# Insulating Cantilever Containing Water Pipes



## zackz5 (Mar 17, 2012)

Looking for suggestions on how to insulate a cantilever space containing hot/cold supply pipes and a bathroom exhaust vent. Above the cantilever is a bathroom, below is the entrance to my house and on the inside another bathroom. Currently there is only fiberglass, no blocking, no foam, no sealants. The pipes have been there since 1984 and since I live in a middle unit townhouse they will not be moved.

Should I install rigid foam just below the living area sub floor as well as just above the exterior sheathing/ceiling? Also, should I build a rigid foam box around the pipes but then leave the box open to the conditioned air from the house?


----------



## ChiTownPro (May 18, 2014)

What is wrong with the insulation that is there now?


----------



## zackz5 (Mar 17, 2012)

Good question. I am going to replace the ceiling/sheathing. It was sagging three years ago when I bought the home and repaired by the past homeowner at the same time per home inspector recommendations. It is now sagging again so I want to pull it off to see the condition and properly fasten new and thicker plywood. Also, I first got a view of the insulation recently as I am remodeling the bathroom on the level below the cantilever. I saw what appeared to be some type of mildew on the insulation directly below the hot water pipe as seen in the first picture . Figured it would be best to replace the insulation and throw some pipe insulation on the water lines as well.


----------



## Windows on Wash (Aug 30, 2011)

Do not put insulation at the subfloor level. That would lessen the heat sink to that space and those pipes would freeze in a New York second.

Rigid foam or spray foam (spray foam will be much easier for the outside edges) are your friend. 

Move the insulation to the outside wall edge and bottom (i.e. the areas that adjoin the outside air). 

Seal all the gaps and cracks and don't under apply. 

That will keep that space warm and above freezing.


----------



## ChiTownPro (May 18, 2014)

The moisture is coming from the exhaust fan, even though the space is insulated it doesn't look to be conditioned. Often a heat duct is run into cantilevered sections to introduce some heat.

I would make sure that the area is sealed (air sealing) and then insulate with properly installed batt insulation. You could get a DIY spray foam kit, but if you are not experienced with spray foam you should attempt it in such a critical area. You can use spray foam to air seal and then rigid foam insulation. You can even seal the rigid with spray foam.

Those are the two methods I would recommend.
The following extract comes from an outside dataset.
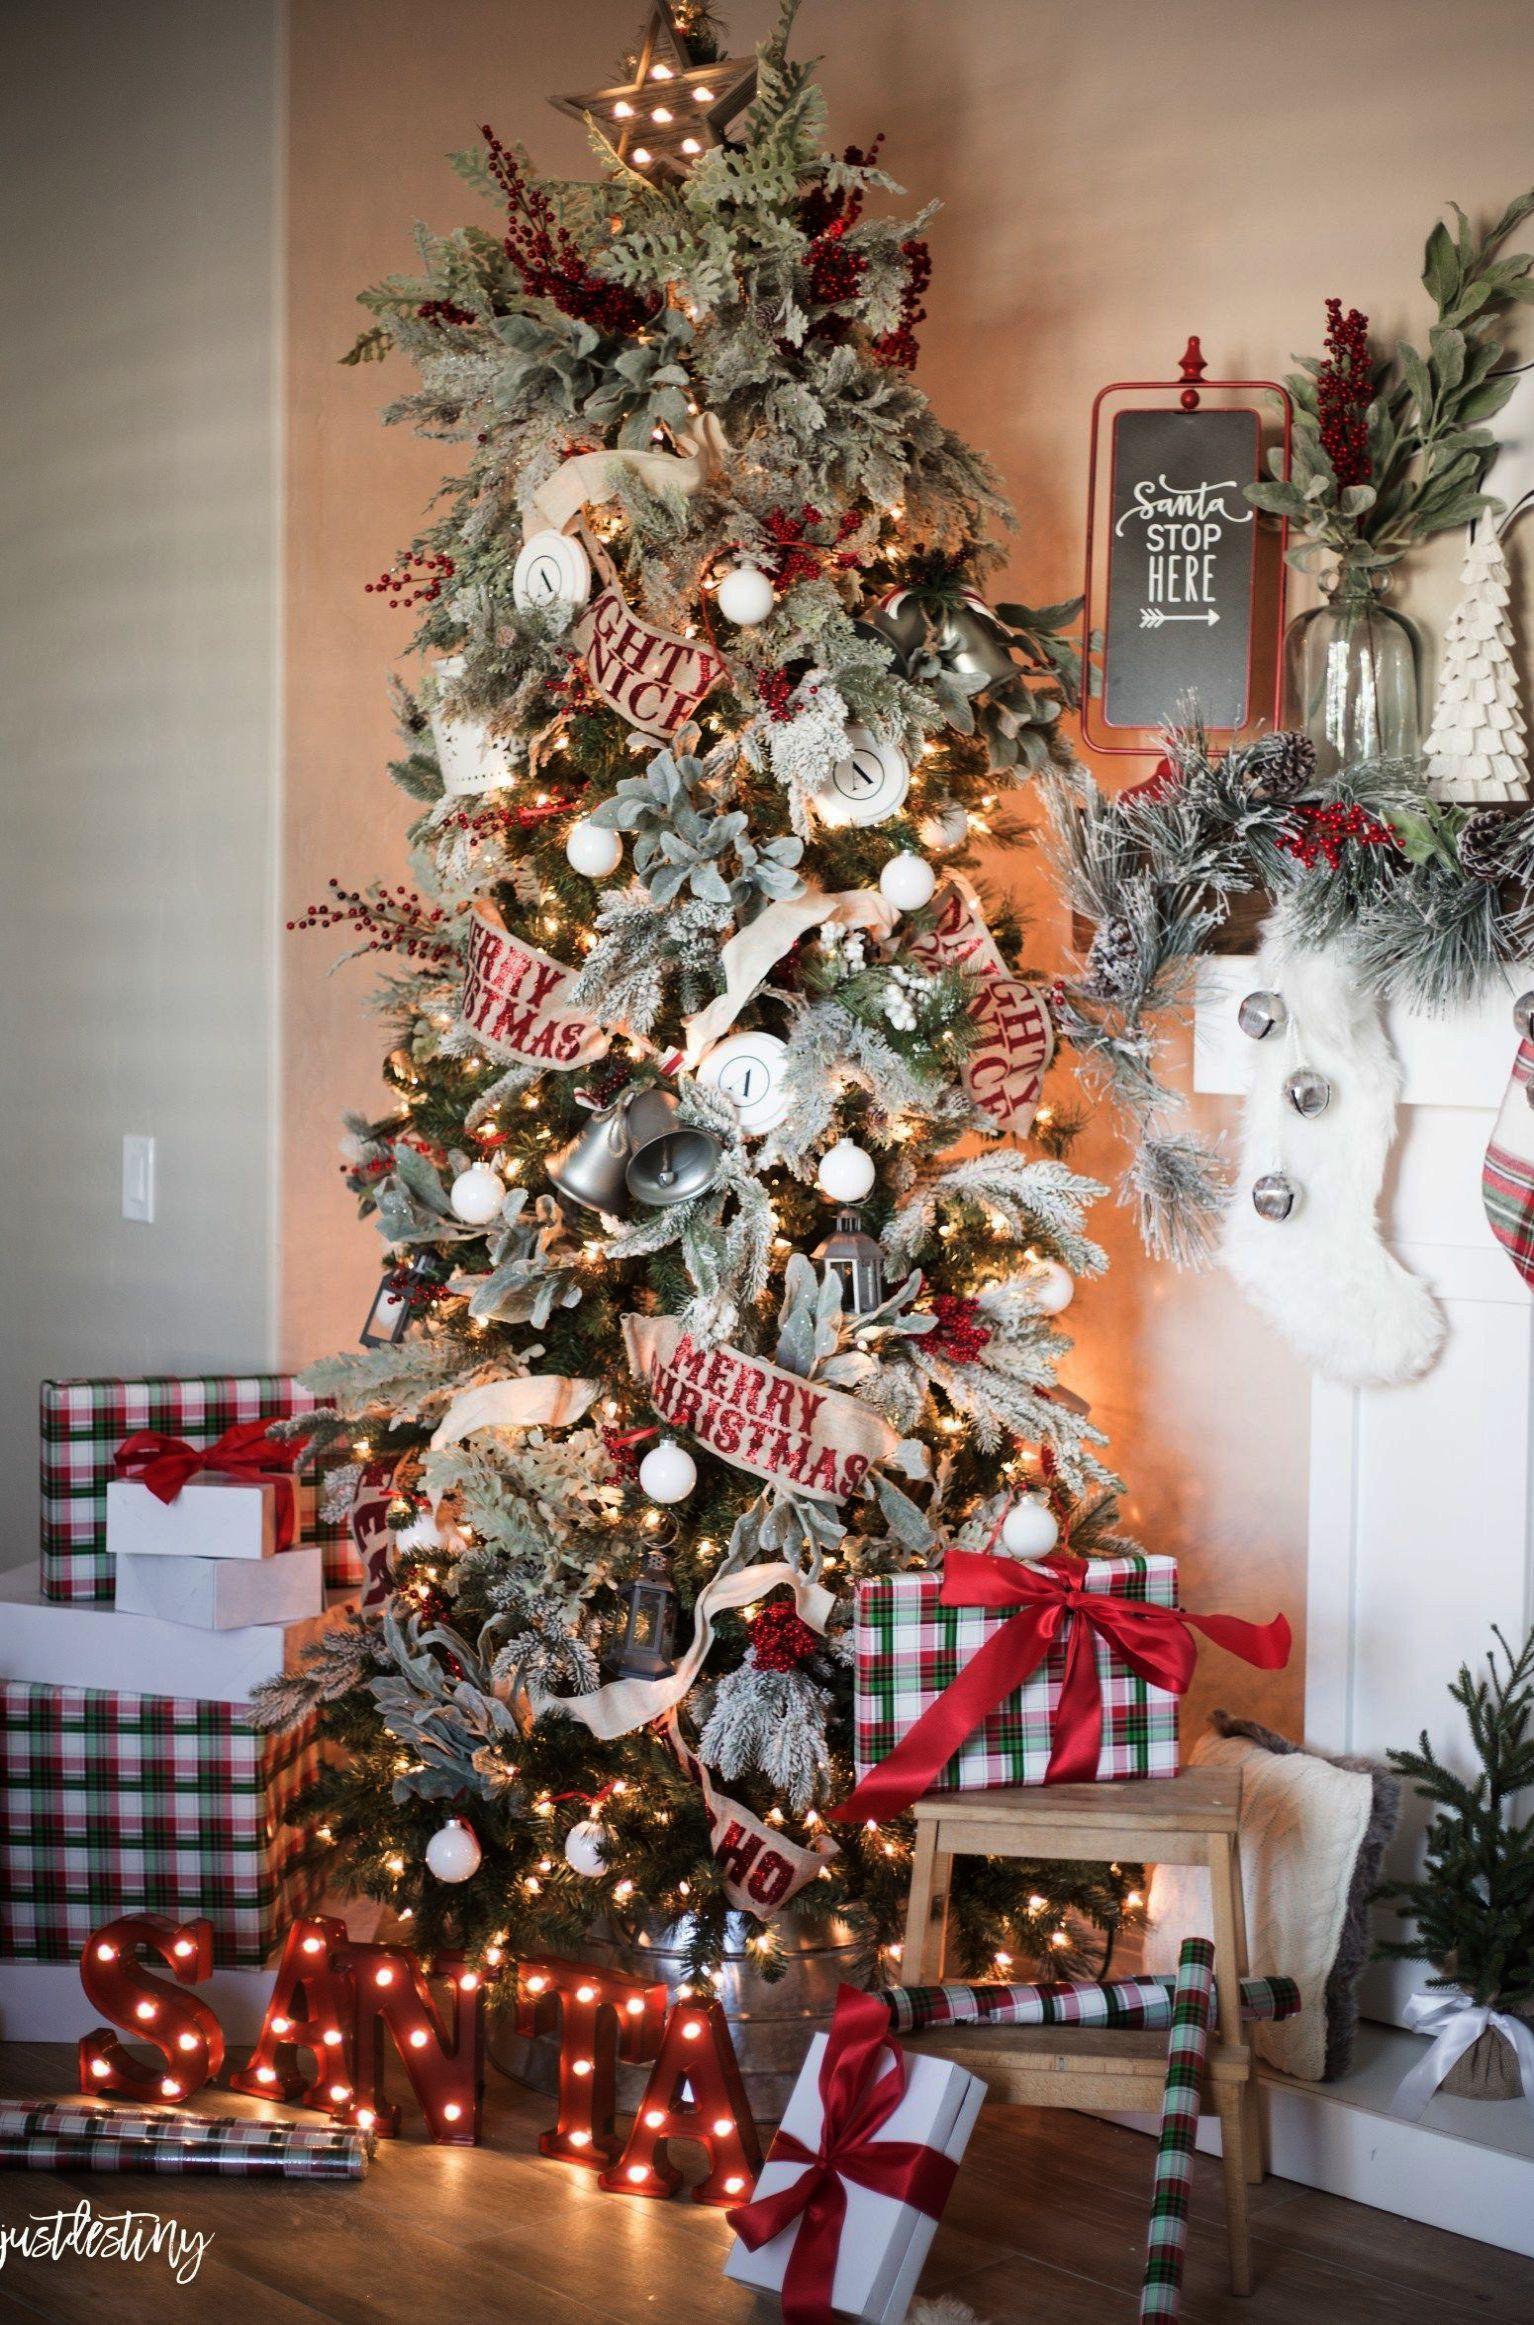 Michaels Christmas Trees 9 Ft Christmas Tree Storage Box Menards Order Christmas Tree S Classic Christmas Tree Michaels Christmas Trees Pretty Christmas Trees

Remember air sealing is just as important as insulation.


----------



## Windows on Wash (Aug 30, 2011)

zackz5 said:


> Good question. I am going to replace the ceiling/sheathing. It was sagging three years ago when I bought the home and repaired by the past homeowner at the same time per home inspector recommendations. It is now sagging again so I want to pull it off to see the condition and properly fasten new and thicker plywood. Also, I first got a view of the insulation recently as I am remodeling the bathroom on the level below the cantilever. I saw what appeared to be some type of mildew on the insulation directly below the hot water pipe as seen in the first picture . Figured it would be best to replace the insulation and throw some pipe insulation on the water lines as well.


I missed the part about the ceiling replacement.

That will provide you the perfect time to insulated it properly. 

Best of both worlds would be apply rigid foam to the underside of the framing prior to re-installing the new plywood. 

If you don't mind the slightly lower ceiling height (i.e. by whatever the foam depth is) that is the best route to go. 

Seal all the gaps an cracks once you have it open and you can also install the rigid foam at the outside wall inside of that space. 

No need to buy a spray foam kit if you have that kind of access. Caulking and canned foam will work fine.


----------